Collection types¶
User timeline¶
User timelines are collected using the GET statuses/user_timeline method.
User timelines are always requested using the user id. User ids never change, while a screen name can change. When you add users to a user timeline collection by screen name, Twarc-Cloud will lookup the user id.
The user id and screen name are stored in the collection configuration file. For example:
"users": {
"481186914": {
"screen_name": "justin_littman",
},
"12": {
"screen_name": "jack"
}
}
The user timeline method allows retrieving up to the last 2800 tweets for a user. Twarc-Cloud collects user timelines incrementally, meaning that the first time a harvest collects a user timeline, all available tweets are collected. In subsequent harvests, only new tweets are collected. The state is stored in the collection configuration file as well:
"users": {
"481186914": {
"screen_name": "justin_littman",
"since_id": "1101479829856149504"
}
}
In addition to retrieving the tweets for a user, Twarc-Cloud will retrieve information about the user using the
GET users/show method.
These are stored in the users.jsonl
file.
user_changes.json
provides any changes that were found for users such as a screen name being changed or an account being
deleted.
If a changed screen name is found, collection.json
will be updated with the new screen name. The delete_users_for
setting
in collection.json
will determine what happens if a user is deleted, suspended, or protected.
"delete_users_for": [
"protected",
"suspended",
"not_found"
]
If protected
is included and a user is found to be protected, the user will be removed from collection.json
. If
suspended
is included and a user is found to be suspended, the user will be removed. And if not_found
is included
and a user is not found, the user will be removed.
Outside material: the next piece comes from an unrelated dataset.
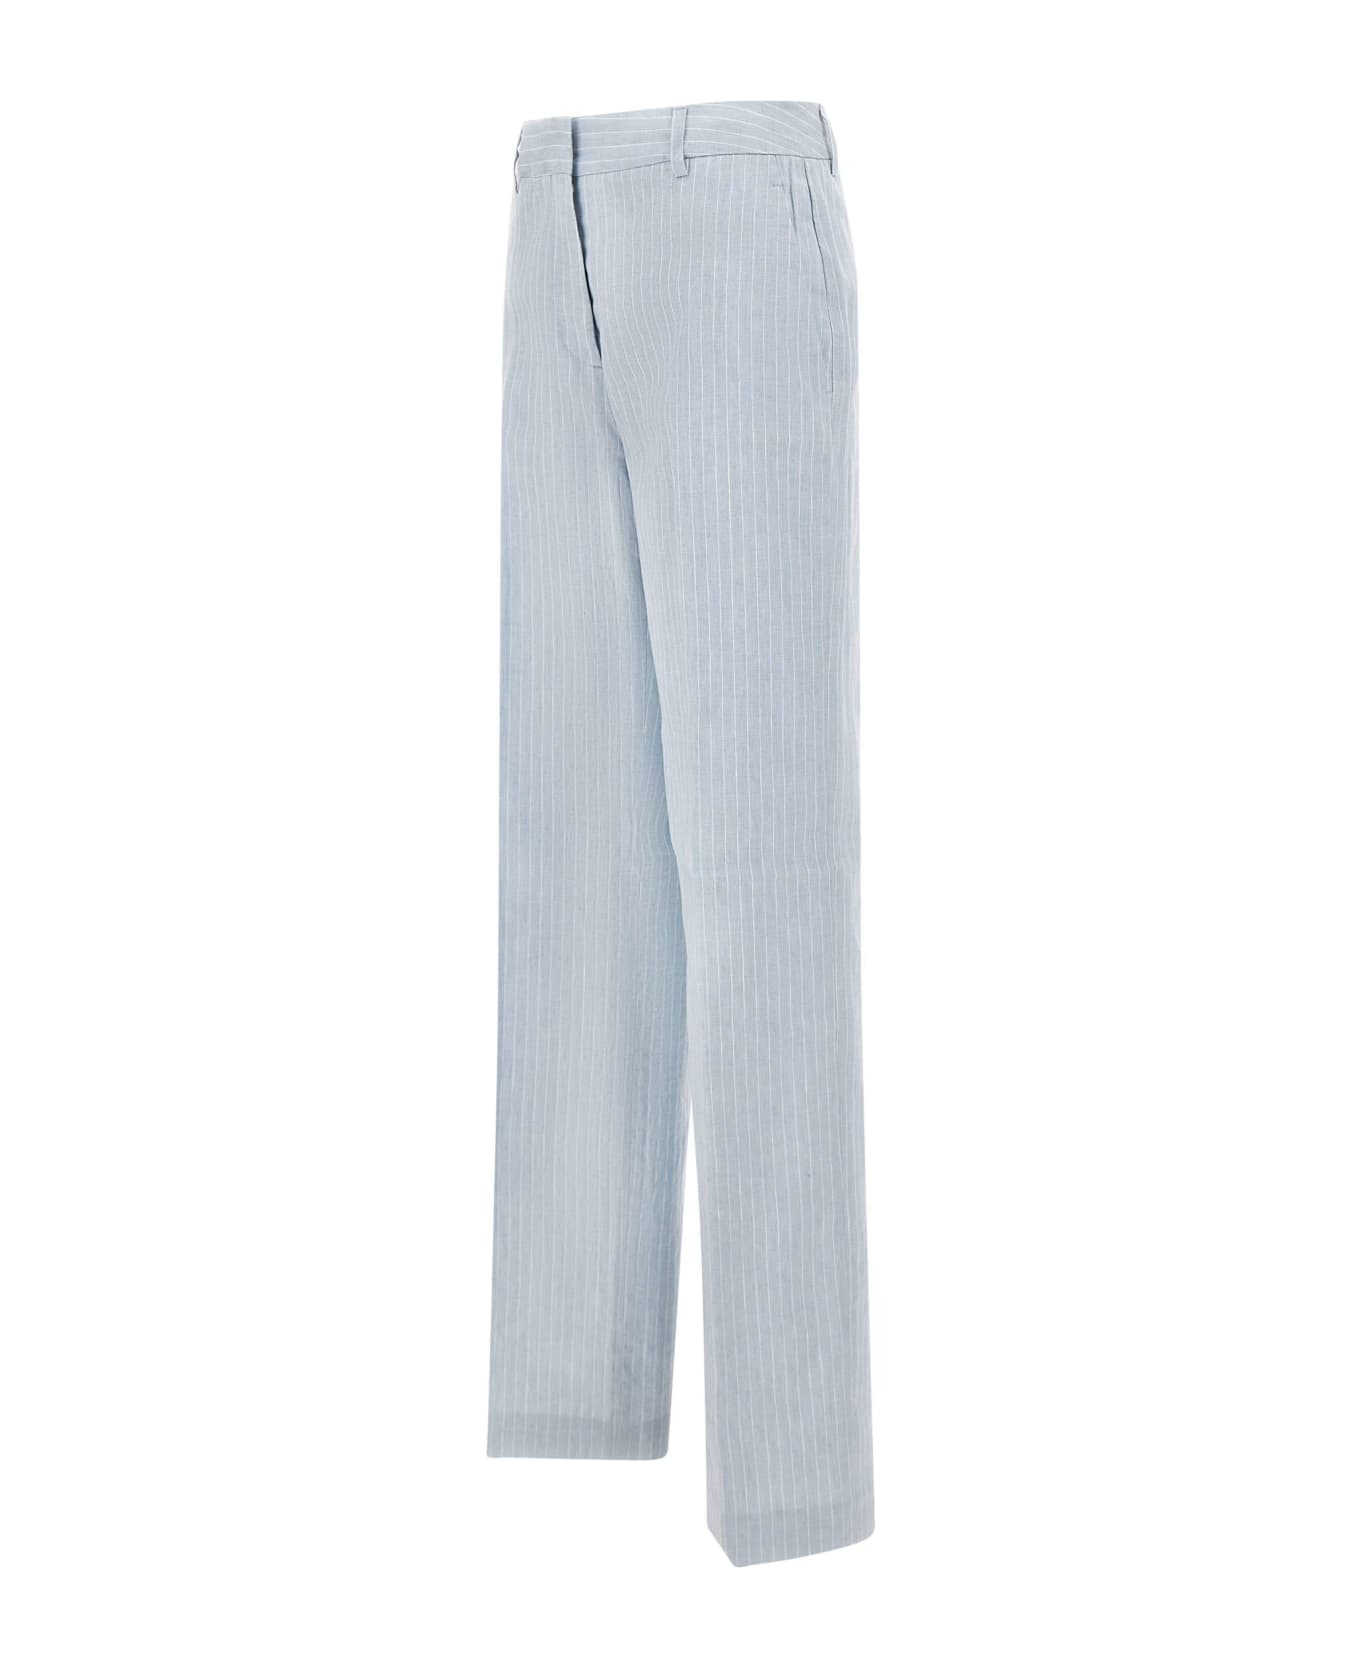 Iceberg Linen And Cotton Trousers - LIGHT BLUE

Users can be added to collection.json
using the following commands:
collection-config userids
: Add a list of provided user ids.collection-config userid-files
: Add a list of user ids contained in provided files.collection-config screennames
: Add a list of provided screen names.collection-config screenname-files
: Add a list of screen names contained in provided files.
For screen names, the @ is optional. Also, Twarc-Cloud will retrieve the user id for each screen name. This may take some time.
User timeline collections can be scheduled with the collection schedule
command and run once with the collection once
command.
Search¶
Searches are collected using the GET search/tweets.json method.
Search queries are stored in the collection configuration file. For example:
"search": {
"query": "stone OR mueller"
}
To limit the number of records collected per harvest, set max_records
. For example:
"search": {
"query": "stone OR mueller",
"max_records": "1000"
}
Twarc-Cloud collects searches incrementally, meaning that the first time a harvest collects a search, all available tweets are collected. Note that depending on the query, this initial harvest may take up to several days. In subsequent harvests, only new tweets are collected. The state is stored in the collection configuration file.
Search collections can be scheduled with the collection schedule
command and run once with the collection once
command.
Filter stream¶
Filter streams are collected using the POST statuses/filter method.
The filters for the filter stream are stored in the collection configuration file. For example:
{
"track": "mueller",
}
Filter streams run continuously. They are turned on by the filter start
command and stopped by the filter stop
command.
Alternatively, if max_records
is provided, a filter stream will stop after the specified number of tweets are collected.
For example:
{
"track": "mueller",
"max_records": "100000"
}
Twitter’s API limits keys to being used for only a single filter stream at a time. Twarc-Cloud does not enforce this limitation. If you use them for multiple filter stream collections, they will force each other to stop and mayhem will ensue.